Evaluating educational programs is an emerging profession, and Educational Testing Service has played 
an active role in its development over the past 15 years. The term "program evaluation" only came into 
wide use in the mid-60s, when efforts at systematically assessing programs multiplied. The purpose of 
this kind of evaluation is to provide information to decision-makers who have responsibility for existing 
or proposed educational programs. For instance, program evaluation may be used to help make decisions 
concerning whether to develop a program [needs assessment), how best to develop a program [formative 
evaluation), and whether to modify—or even continue—an existing program [summative evaluation). 
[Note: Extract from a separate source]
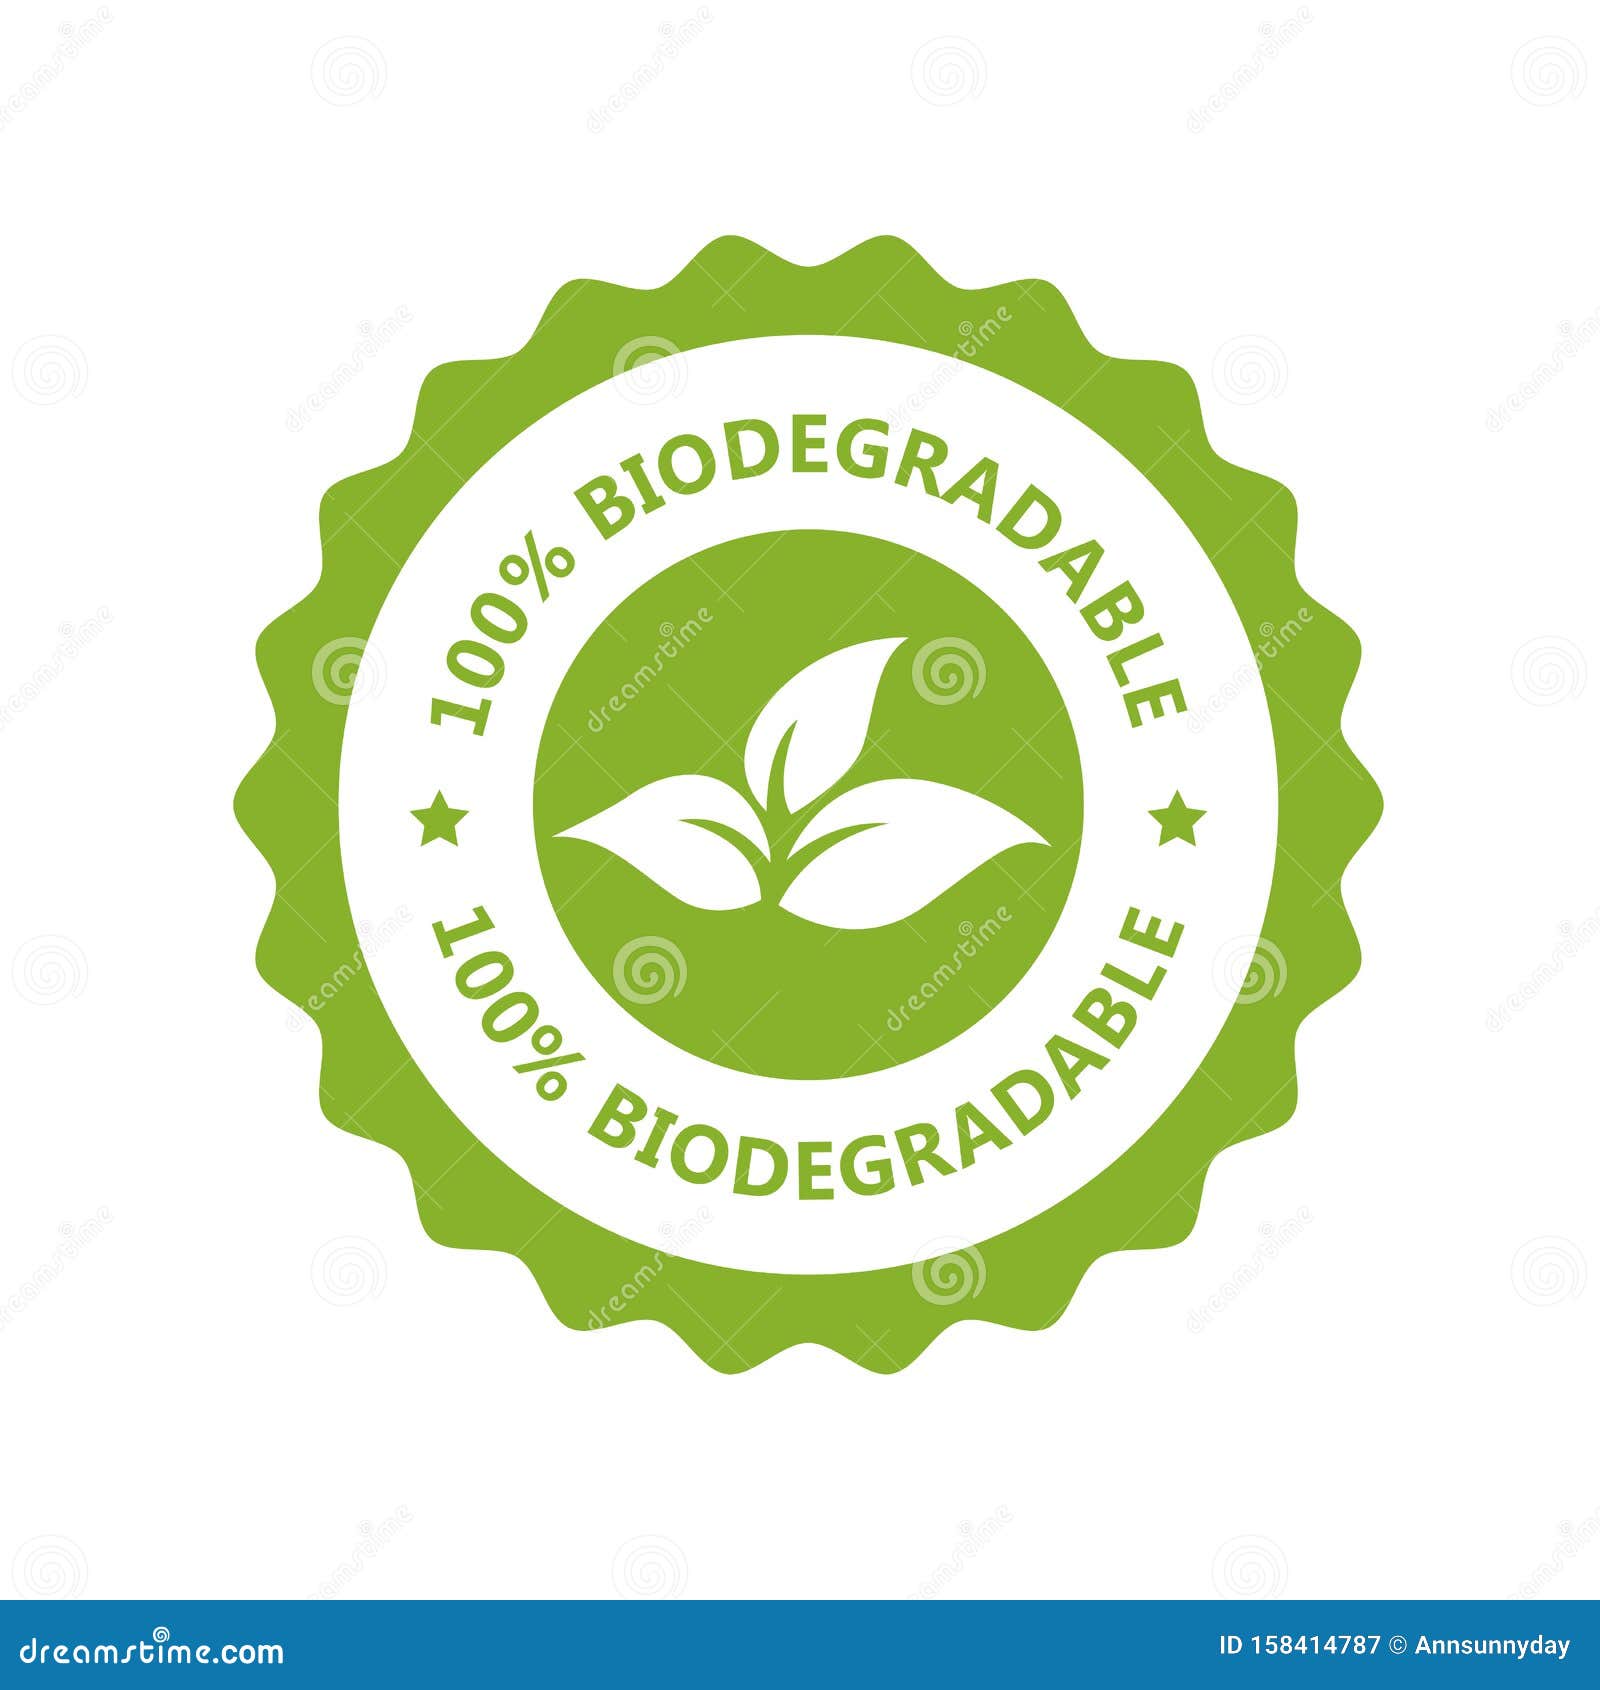 biodegradable, plastic free icon - compostable product label

Needs assessment is the process by which one identifies needs and decides upon priorities among 
them. Formative evaluation refers to the process involved when the evaluator helps the program 
developer—by pre-testing program materials, for example. Summative evaluation is the evaluation of the 
program after it is in operation. Arguments are rife among program evaluators about what kinds of 
information should be provided in each of these forms of evaluation. 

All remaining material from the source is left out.